AT&T was interested because for a telephone company, laying wire in an incredibly expensive operation. The wire itself (especially back in the ways when it was bundles of copper) is quite expensive; the process of running and burying the cables is even more expensive. So ideally, as a phone company, you want to run the cables once; you want to lay enough that you’ll never have to come back and do it again; and you want to lay the smallest amount that will do the job, since the materials are so expensive.
The problem that they wanted Shannon to help solve was, how could they determine how much wire did they actually need to lay? It’s actually an astonishingly tricky question. The less they laid, the less it cost them in the short term. But they *knew* that the number of phone lines was going to increase dramatically – so if they were cheap, and laid too little wire, when the number of phones exceeded the capacity of what they had already laid, they’d have to go back and lay more. So they wanted to be able to make a good prediction of the minimum amount of wire they could lay that would meet their needs both at the time it was laid, and in the future.
But there’s a big trick to that. First: how much information can a single wire carry? And when you bundle a bunch of wires together, how much can you pump over a single wire without it interfering with signals on it’s neighbors in the bundle?
That’s what Shannon was trying to understand. He was trying to find a mathematical model that he could use to describe information transmission, including the effects of imperfections in transmission, including the introduction of noise and interference. He wanted to be able to quantify information in a meaningful way that would allow him to ask questions like: “At what point does noise in the line start to eliminate the information I want to transmit?”.
The answer is just fascinating: a given communication channel has a capacity for carrying information; and a given message has a quantity of information in it. Adding noise to the signal *adds* information to message *until* the capacity of the channel is reached, at which point information from the noise will start to *replace* information from the message; at that point, you can say that information from the message will start to be lost.
Shannon called the information content of a signal it’s *entropy*, because he saw a similarity between his information entropy and thermodynamic entropy: in a communicating system, entropy *never* decreases: it increases until the capacity of the channel is reached, and then it stays content. You can’t reduce the amount of information in a message. (There are various rumours that in fact this choice of terminology was actually suggested by von Neumann himself.)
That naming led directly to the most common misuse of information theory. But that’s a post for another day.
### Algorithmic Information Theory
The other main branch of information theory came from a very different direction. The two pioneers were Andrey Kolmogorov, and Greg Chaitin. Kolmogorov and Chaitin didn’t know each other at the time they independently invented the same mathematical formalization (in fact, Chaitin was a teenager at the time!), a fact which led to some friction.
In the interests of honesty, I’ll say that Greg Chaitin works in the same building that I do, and I’ve met him a number of times, and been greatly impressed by him, so my description is heavily influenced by Greg.
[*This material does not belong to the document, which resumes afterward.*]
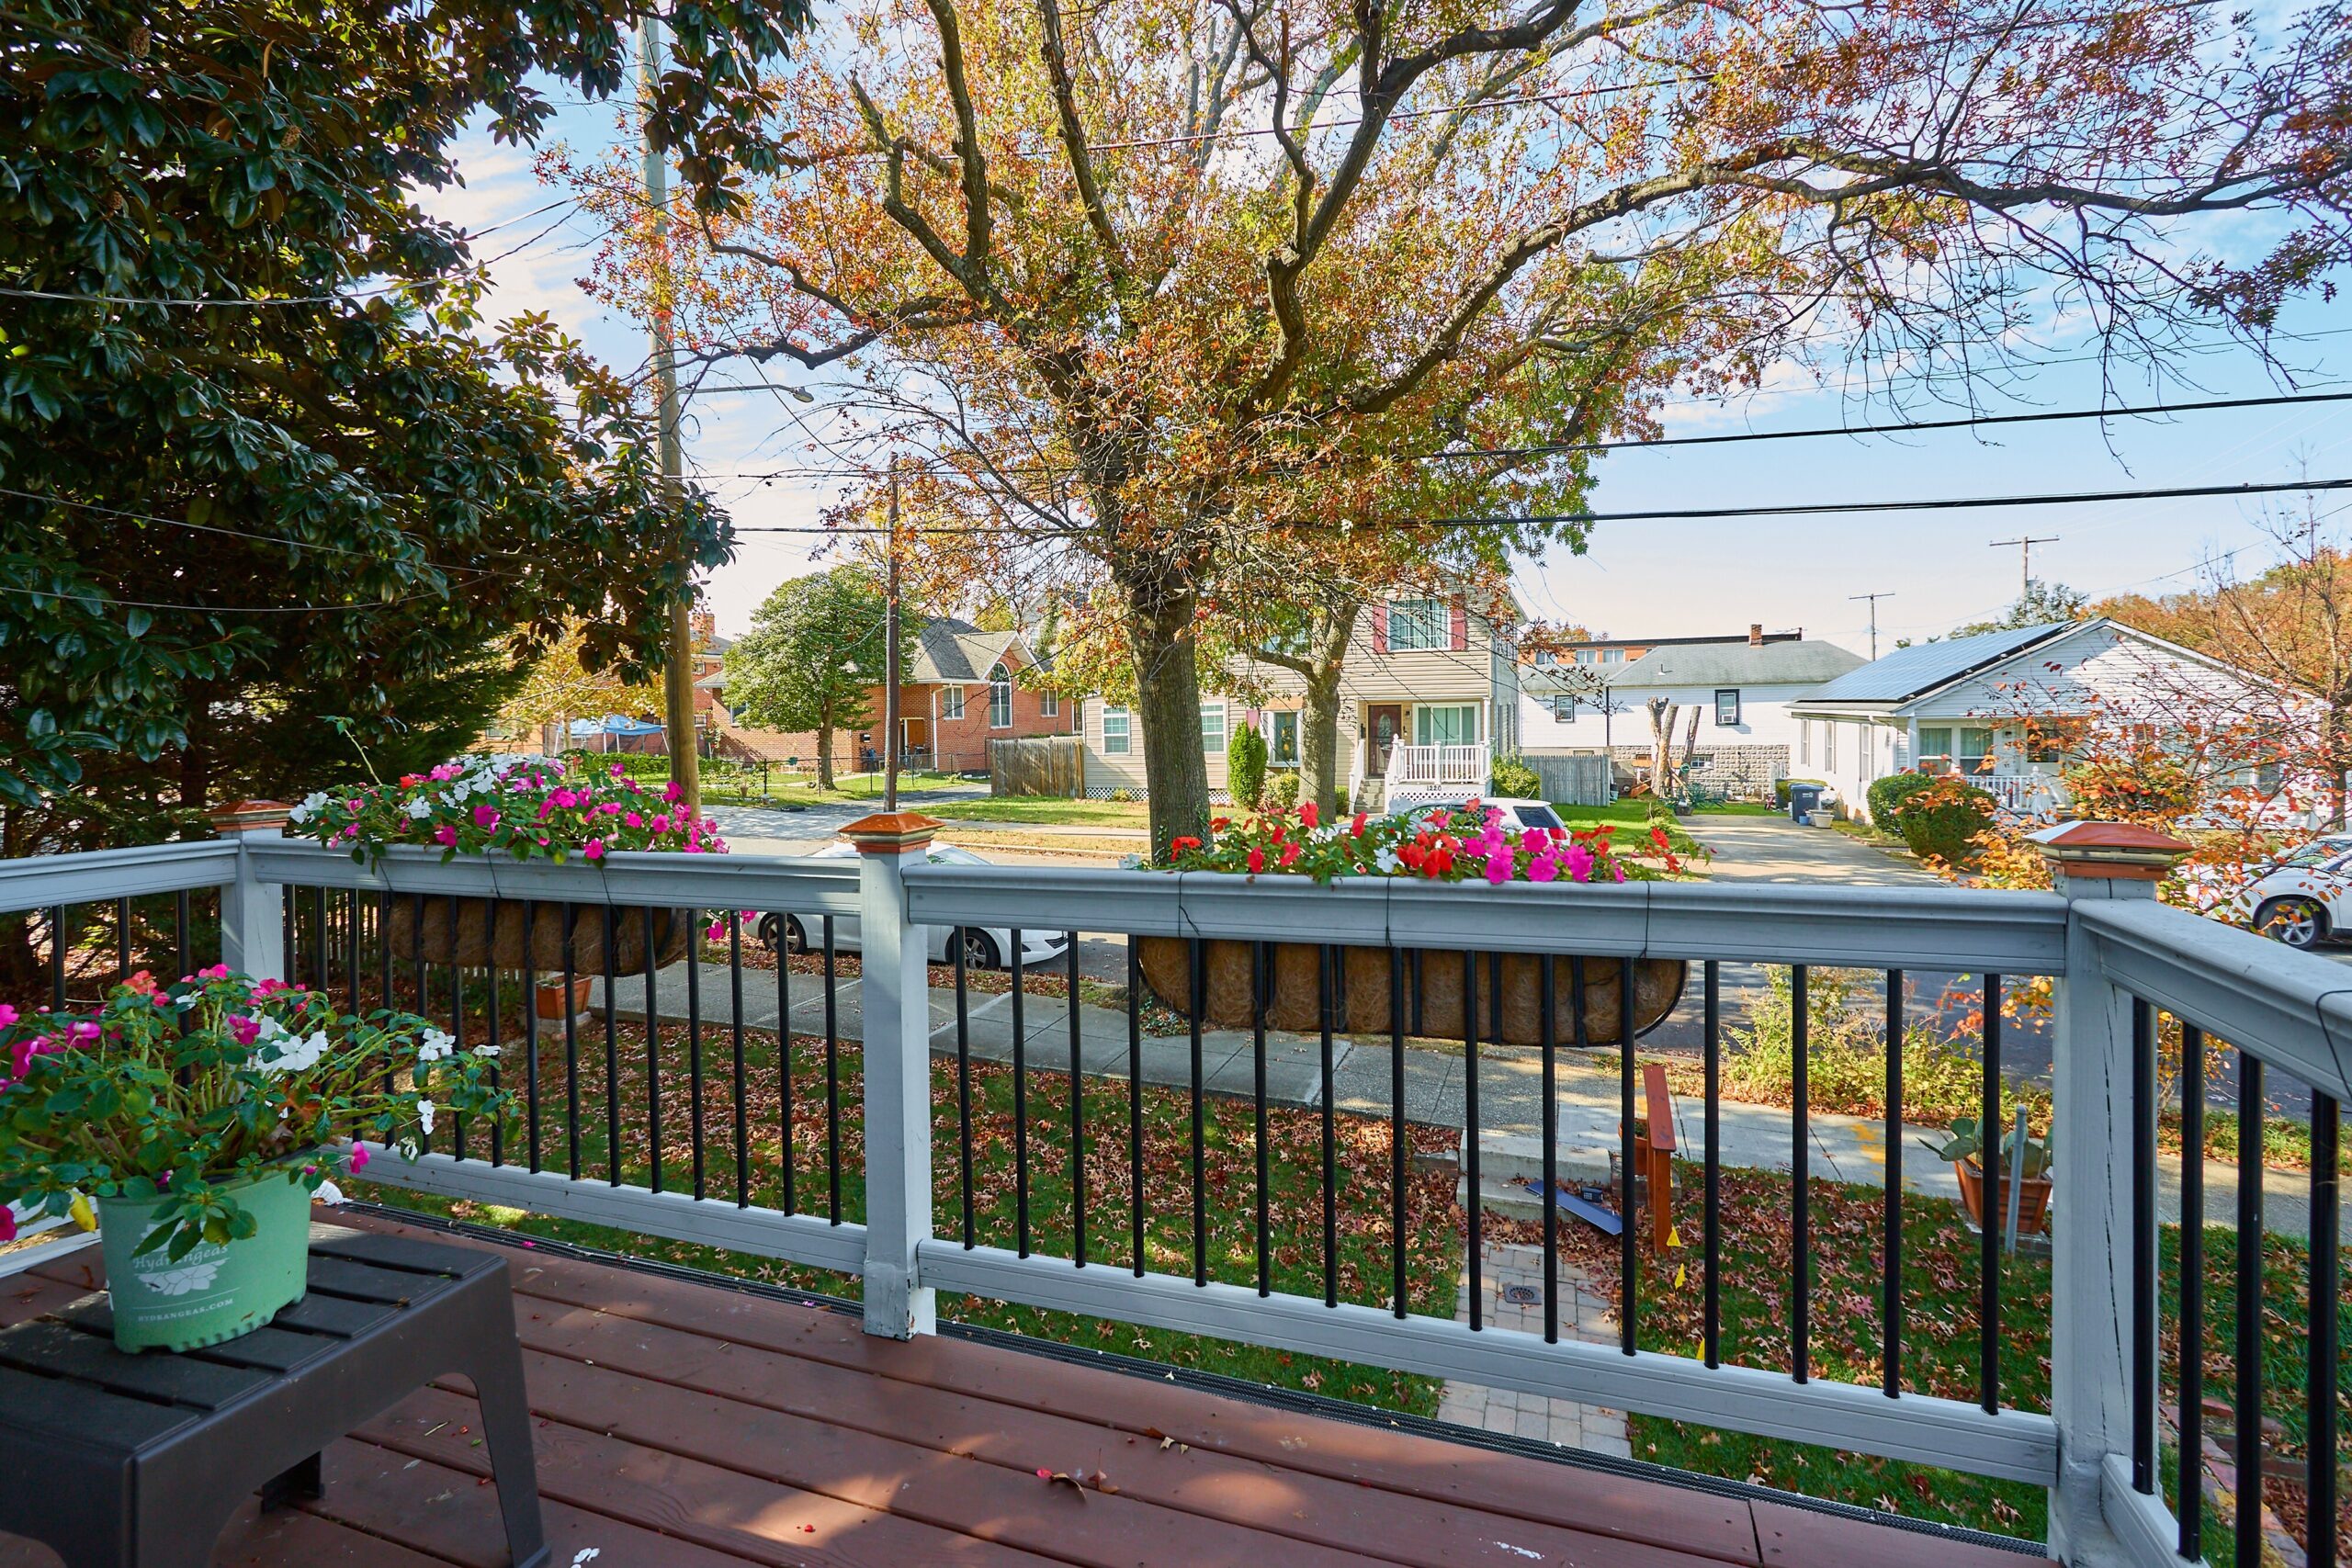 Professional exterior photo of 1219 50th St NE in Washington, DC - showing the view from the 2nd floor balcony looking out the front toward the street on an early fall day

Anyway – algorithmic information theory grew out of some of the fundamental mathematics being done at the beginning of the 20th century. There was an effort to create a single, fundamental, set of mathematical axioms and inference rules, which was both complete (every true statement was provably true), and consistent (every well-formed statement was either true or false). This effort failed, miserably; the nail in the coffin was Gödel’s incompleteness theory. Gödel presented an extremely complicated proof that showed, essentially, that no formal system could be both complete and consistent. (See my recent article about [Extreme Math][extreme] for more about this.)
[extreme]: http://scienceblogs.com/goodmath/2006/06/extreme_math_1_1_2.php “1+1=2”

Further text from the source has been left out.